Overcoming the Obstacles to AI Adoption
Artificial Intelligence is the word of everyone’s lips right now, but what’s next for AI innovation? How will it impact our day-to-day lives? There are many unknowns when it comes to what AI can do, which is unsurprising given it represents the swiftest technological evolution most of us have ever seen, with the capabilities of AI evolving almost weekly.
The power of AI combined with suitable use cases and a robust implementation plan can help businesses to radically reduce the time spent on manual, repetitive tasks, and allow teams to prioritise value-added work.
But in all the excitement, it’s evident that many businesses are held back by inertia, and a lack of understanding about how to actually go ahead and implement AI into their business.
The road to AI
The first thing to know is that the road to implementing AI probably isn’t going to be smooth. There are many hurdles to overcome, not least organisational resistance. Employees may be feeling wary of AI, intimidated, resistant to change or just plain ambivalent about the whole thing. Then there’s the spider’s web of security and compliance to battle with, and the question of implementation costs and training.
When it comes to technology, IT systems and data must be primed for AI, which poses even further issues if they are built on old legacy systems that don’t support innovations.
This is why getting your operational ducks in a row and understanding the purpose of AI in your business is crucial to overcoming these barriers. Making use of groundbreaking technology is one thing, but without a clear application in mind, progress will be stunted. Having a business orchestration tool in place will give you a clear view of your entire operation and set the foundations for you to take a good look at your business and figure out the areas where AI could make processes more efficient and take away manual effort. Knowing exactly what you aim to achieve with AI enables you to build a compelling case for its use and address any emerging issues.
Build a roadmap
Identifying the problems you wish to solve with AI is a critical step before investing in shiny tools. I believe the best way to discover which tools are right for you is to conduct an end-to-end examination of your business processes, with a special focus on manual and repetitive tasks. From there, you can consider how an AI co-pilot could make a difference. For example, if managing numerous forms is part of your workflow, adopting Intelligent Document Processing to automate data entry could be a game-changer. Similarly, for handling large volumes of service emails, email triage and sentiment analysis can significantly enhance efficiency.

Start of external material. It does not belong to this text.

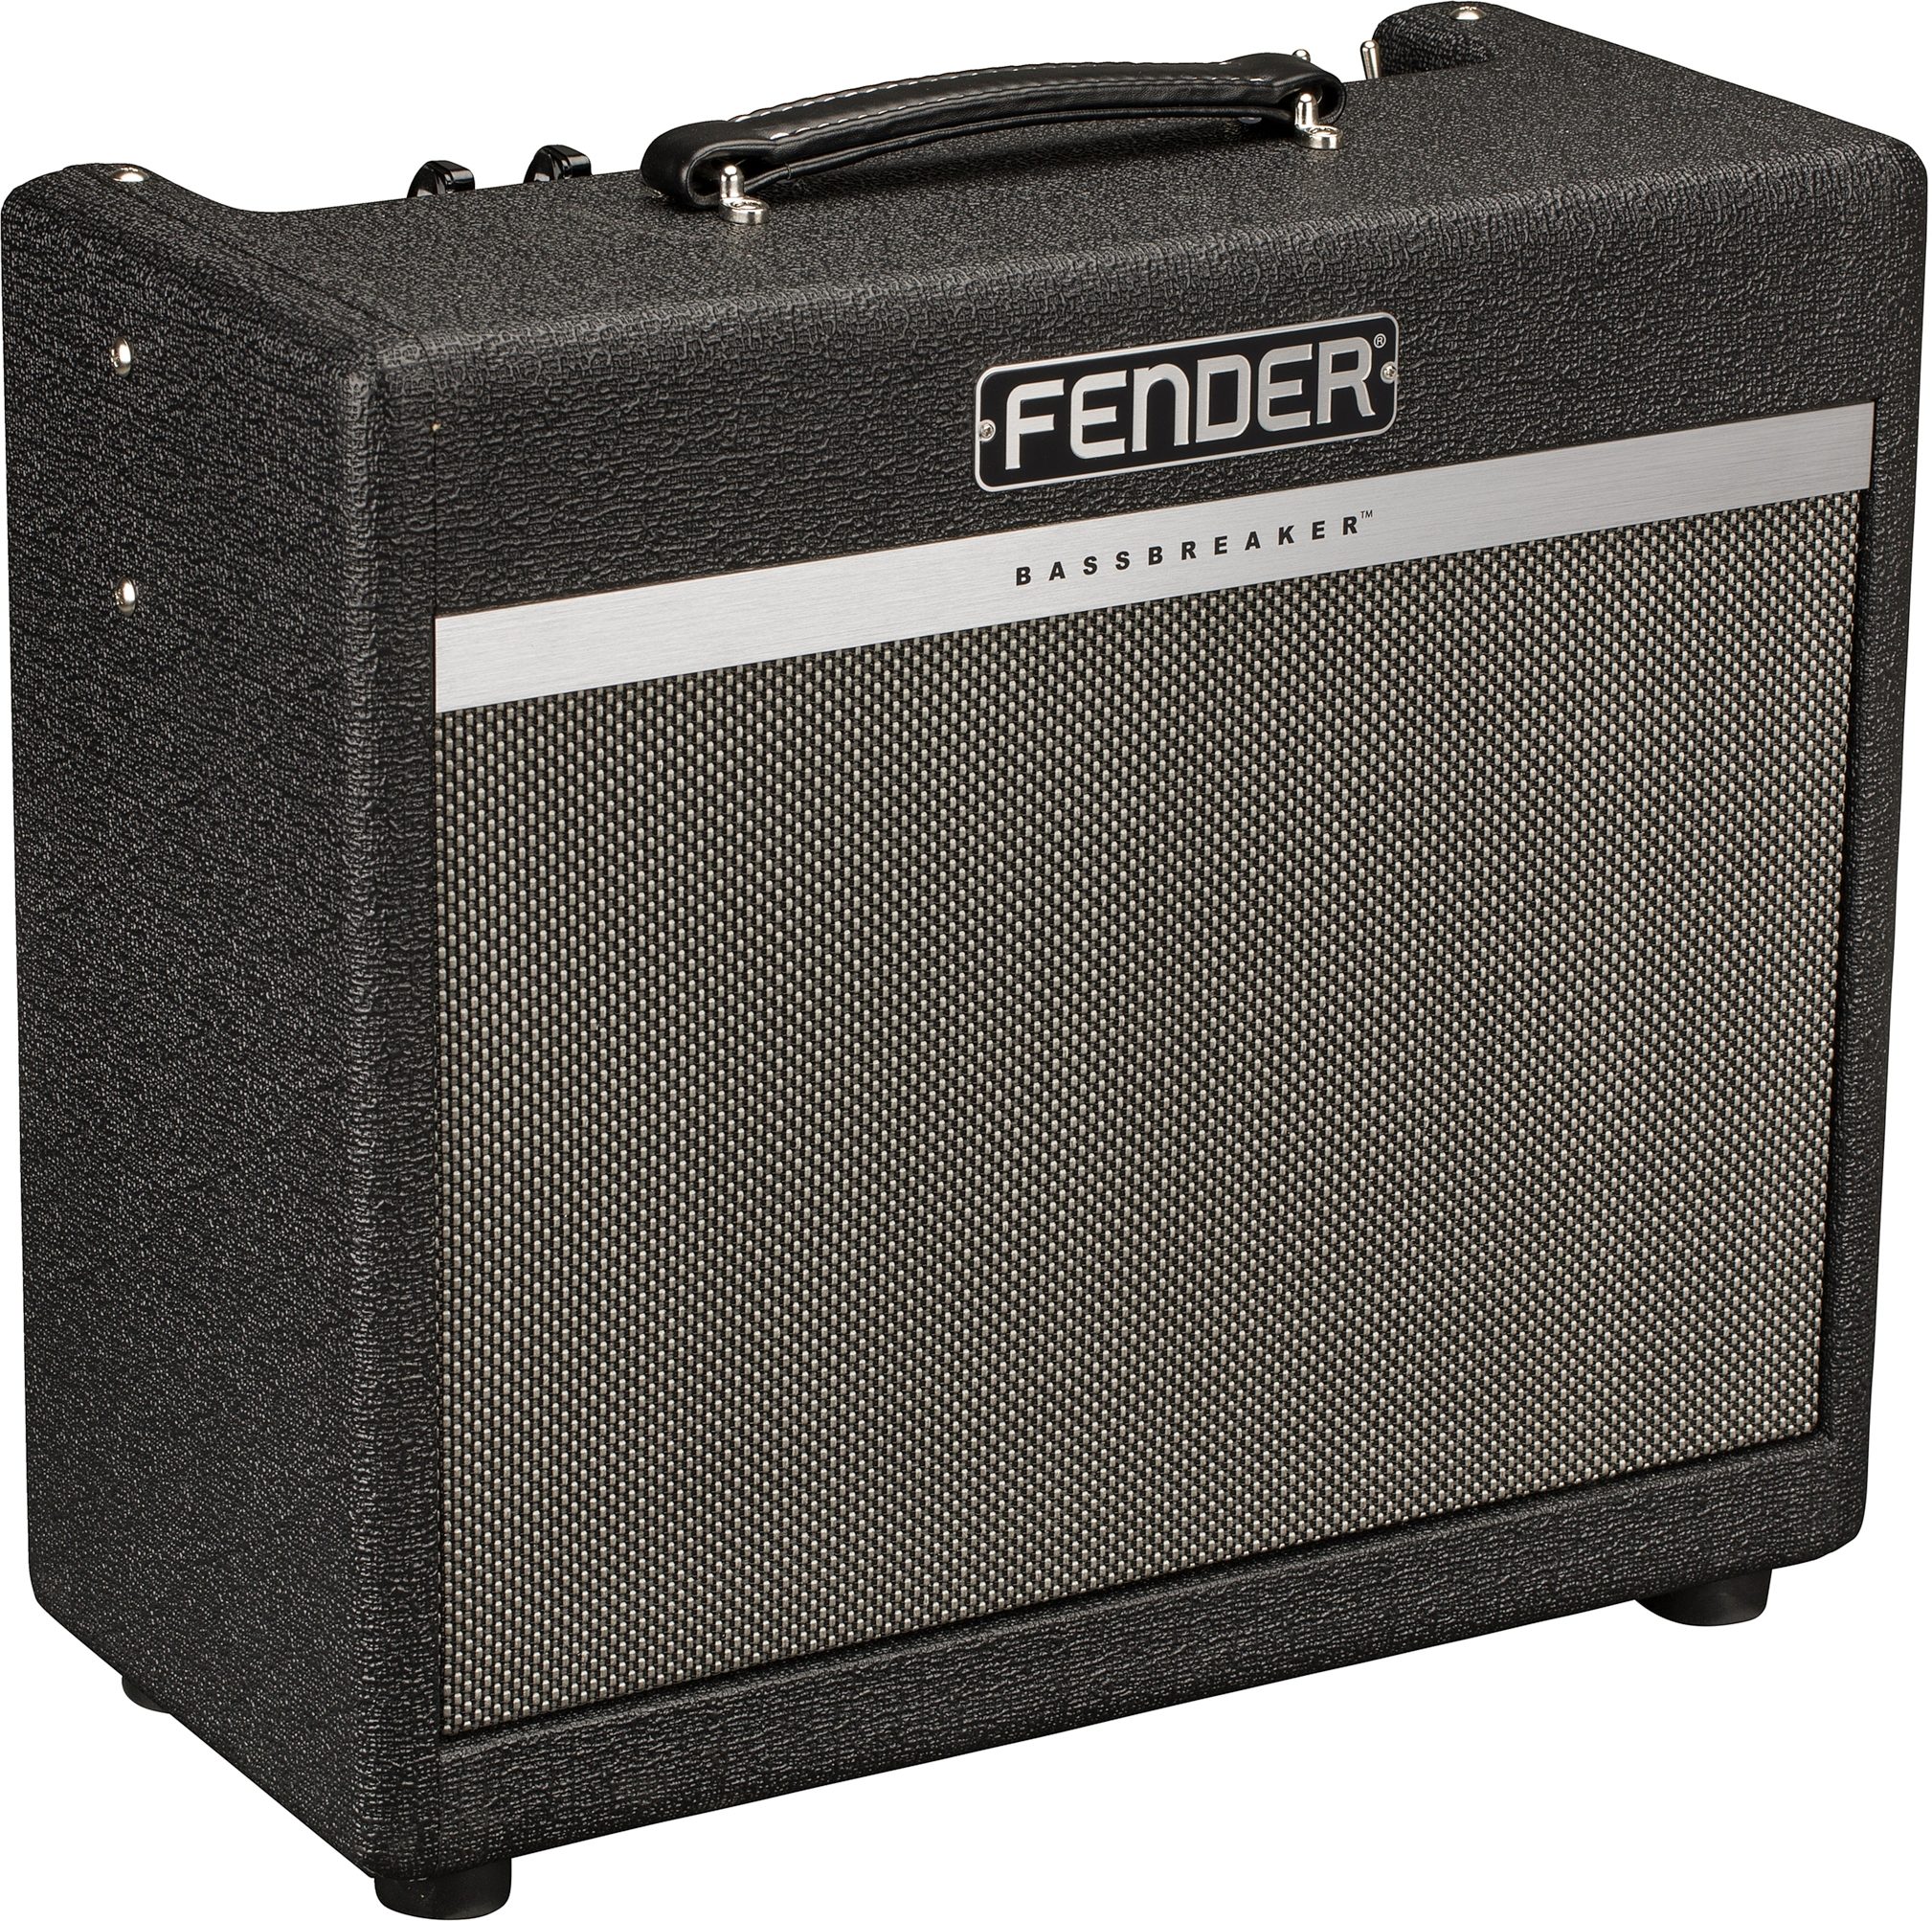 Fender Bassbreaker 15 Guitar Combo Amplifier (15 Watts, 1x12

AI doesn’t represent all types of automation
AI has become a broadly used term, but it’s important to recognise the difference between artificial intelligence and other automation technologies. The way I see it, AI can be categorised into three types: AI models developed by data scientists for predicting outcomes, narrow-field AI found in products like invoice data extractors, and generic generative models like ChatGPT that are multifunctional. Implementing automation technology such as RPA, Rule Engines, iPaaS, or Low Code solutions warrants a different strategy.

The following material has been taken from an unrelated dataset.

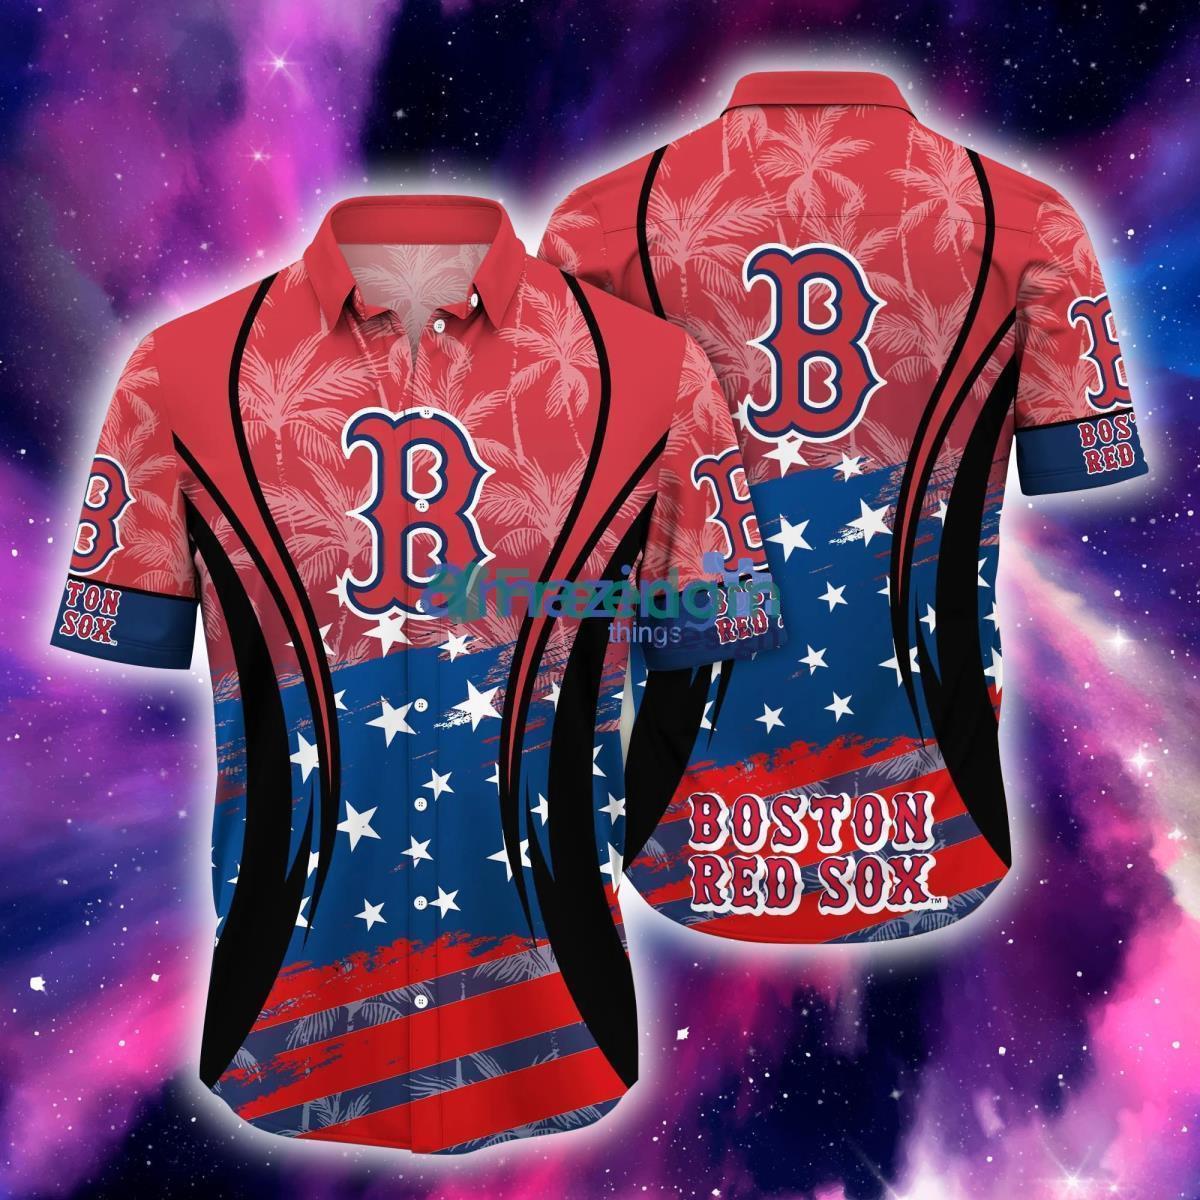 Arizona Diamondbacks MLB Custom Name Hawaiian Shirt Hot Design For Fans

Understanding these distinctions clarifies the unique applications of AI, and therefore makes it easier to understand where they can fit within your processes.
Safely embracing GenAI
We’ve all heard of the dark sides of AI and privacy, but the truth is there are scenarios which the technology can be used with minimal risk. For creative professions such as graphic design, coding, or copywriting, embracing GenAI is a low-risk endeavour. For instance, in our own organisation our Copywriters rely on AI for proofreading, while our Coders use it to write their first draft of code. These teams, which have established procedures for testing, quality control, and validation, find AI invaluable for accelerating routine tasks.
I recommend approaching GenAI in three steps.
First, identify all employees within the organisation whose roles involve creation, be it writing, designing, or coding.
Next, form task forces for each skill set and empower the employees to find the best AI co-pilot for their specific tasks. For example, Graphic Designers might find tools like Midjourney useful, whereas Copywriters could save time with ChatGPT.
Finally, procure low-risk AI tools to assist individuals across the organisation in their creative projects. This method facilitates the precise integration of AI co-pilots, boosting productivity and creativity while mitigating risks.
For roles associated with ‘delivery,’ ‘process,’ or ‘execution,’ it’s crucial to establish safeguards around GenAI and manage risks, which is where orchestration comes into play. It’s necessary to have a method for measuring expected outcomes and a clear policy regarding data management and the use of organisational data in training other models.
To make AI implementations a priority across the organisation, businesses should empower their employees to take the lead on these projects. The key is to move beyond seeing AI as simply a task for the IT department. When off-the-shelf AI models are made accessible to business users, they can directly apply these tools to their work areas, enabling a deeper understanding and ownership of the technology.
Unlocking AI potential
When effectively utilised, AI can streamline manual tasks, save time, and empower service teams to focus on more valuable work that is more closely aligned with their interests. By focusing on processes that are inefficient, businesses can utilise AI and automation to make a significant difference, rather than taking a ‘stab in the dark’ approach.